Looking outside of Taiwan, how does Academia Sinica build international collaborations as a world-class research institute?
Academia Sinica has developed an extensive network of partnerships with over 410 top research institutions and universities among 44 countries around the world . Recent examples in the biomedical field include an MOU that we have signed with the Canadian Glycomics Network (GlycoNet) and with Tohoku Medical and Pharmaceutical University, Japan, both to advance research in glycoscience. Related to this, we have held International Symposia on Frontiers in Glycoscience in collaboration with Canada and Australia.
The traditional relationship between Taiwan and Japan has been growing strongly as well. We have been collaborating with Kyoto University, the leading university in Japan with the most Nobel Prize-winning faculty in Japan, in the field of biomedical research. Kyoto encourages its investigators to identify top institutions where they can set up “on-site laboratories”. We are excited to welcome a faculty from one of Kyoto University’s Institutes (Institute for Integrated Cell-Material Interface) to come to Academia Sinica to establish his “on-site lab”.
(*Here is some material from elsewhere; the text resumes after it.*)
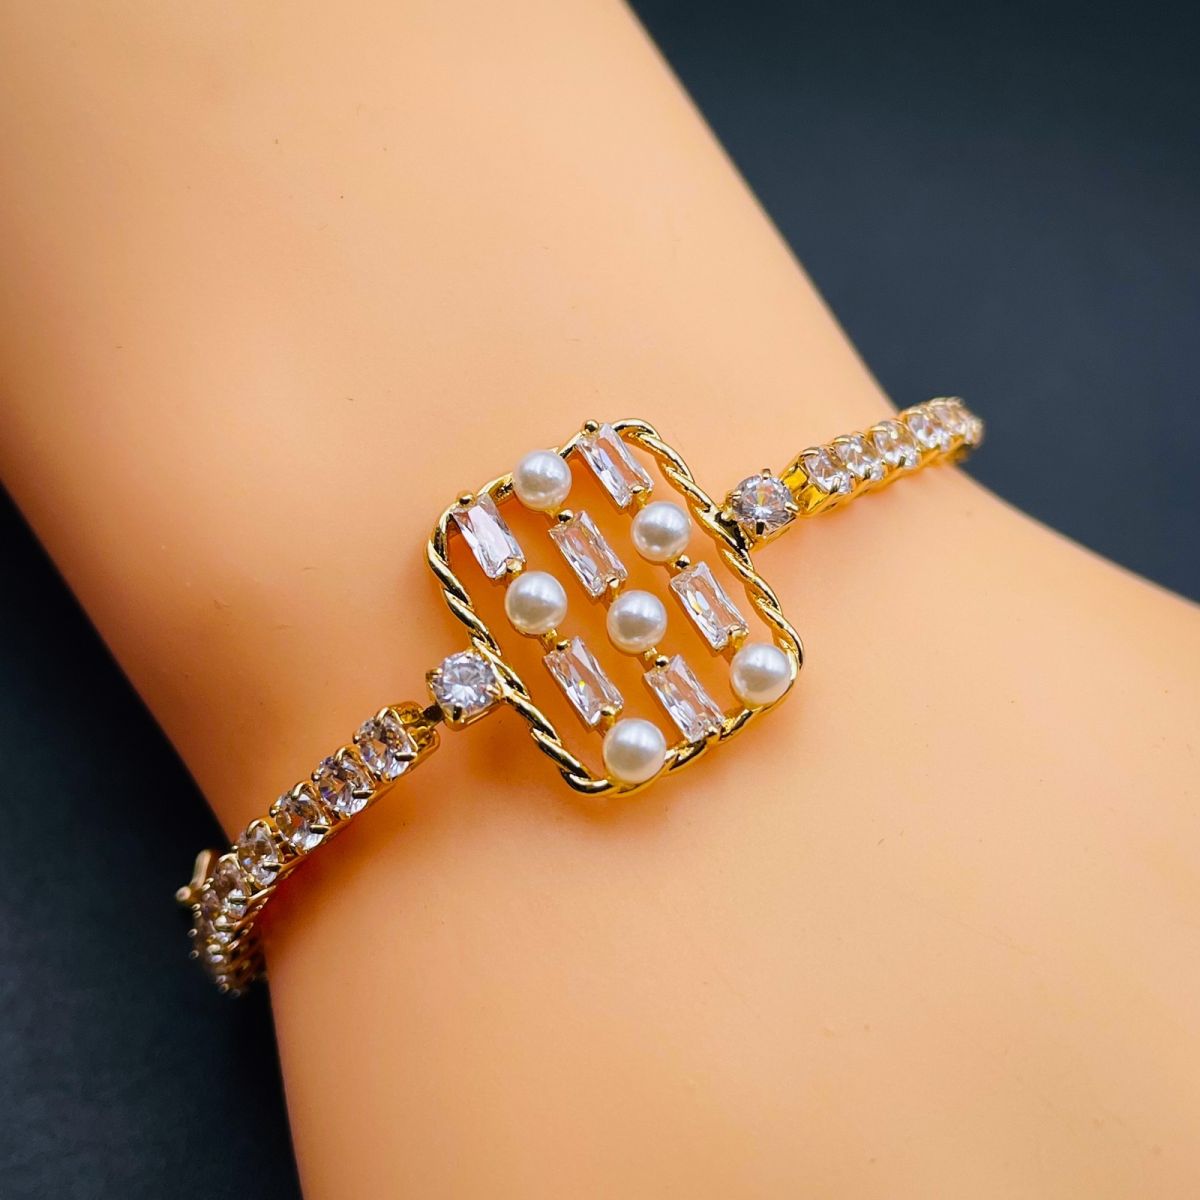 Tipsyfly Rectangle Solitaire Tennis Bracelet Buy Tipsyfly Rectangle  Solitaire Tennis Bracelet Online at Best Price in India  Nykaa

In the US, we have collaborations with top universities like Stanford, UC San Diego, UC San Francisco, and UC Davis. For example, Academia Sinica has recently inked an MOU with UC San Francisco for the development of precision medicine.
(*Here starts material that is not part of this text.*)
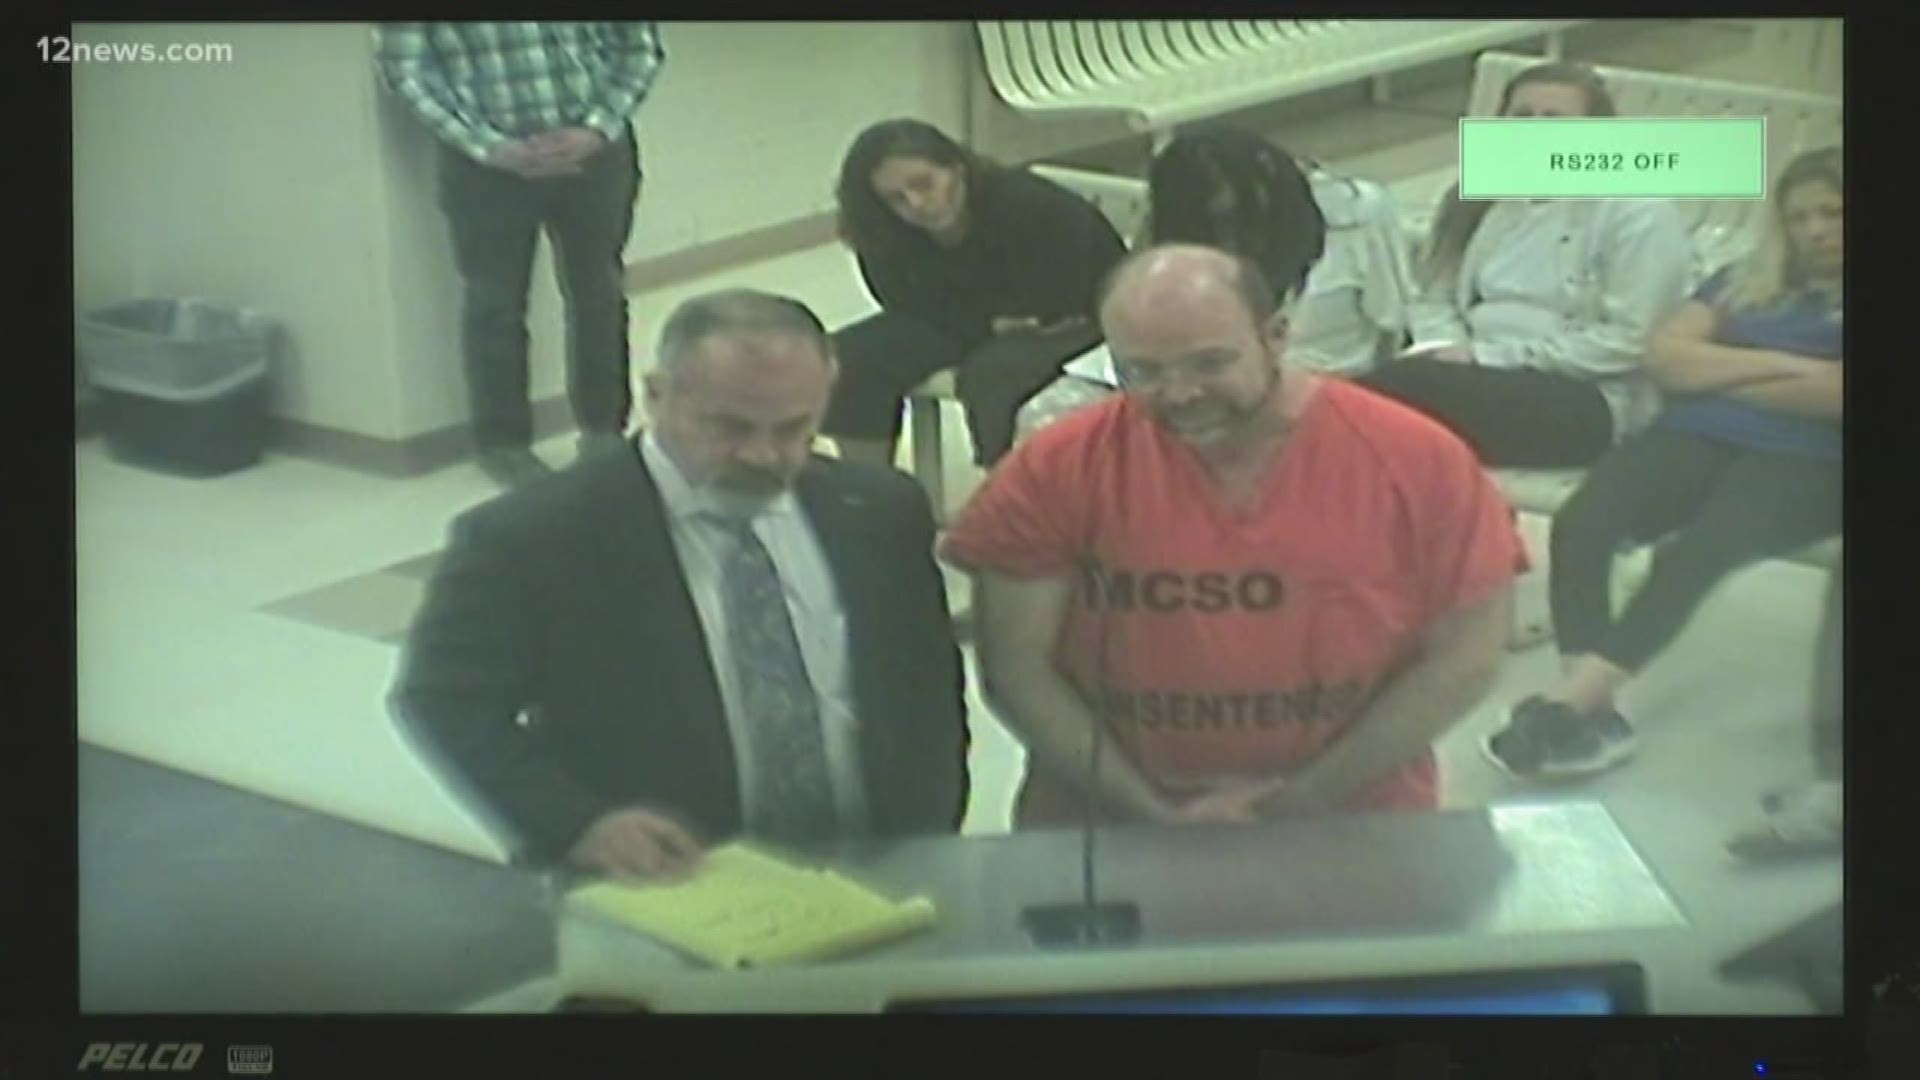 Ronald Yunis appeared in court for allegedly pointing a gun at a protester. Team 12's Colleen Sikora has the latest.

Finally, we have been regularly hosting international conferences or symposia that rotate through different countries, including the 15th Human Proteome Organization (HUPO) World Congress in 2016. We will host the 26th International Congress in Glycoconjugates in 2021. Recently, we hosted a Keystone Symposium on Innate Immune Receptors, with participants from 22 countries. Most recently, Academia Sinica co-sponsored several events with the National Biotechnology Research Park at the recent BioAsia – Taiwan convention. Together, we inked two memorandums of understanding with Japan’s Shonan Health Innovation Park and the U.K.’s AstraZeneca PLC at this year’s event.
What vision does Academia Sinica have for the future of Taiwan’s biotech sector?
Academia Sinica’s vision is to complete our government’s mission in development of the biotechnology industry by completing the development and implementation of the National Biotechnology Research Park. We want to facilitate the growth of biomedical research and incentivize applied research by seeing increased flexibility when it comes to translation. The whole country along with Academia Sinica needs to work together to achieve this goal. Through collaboration with stakeholders such as physicians, the existing biotech industry, and the new generation of talent we will cultivate the future of Taiwan’s biomedical sector.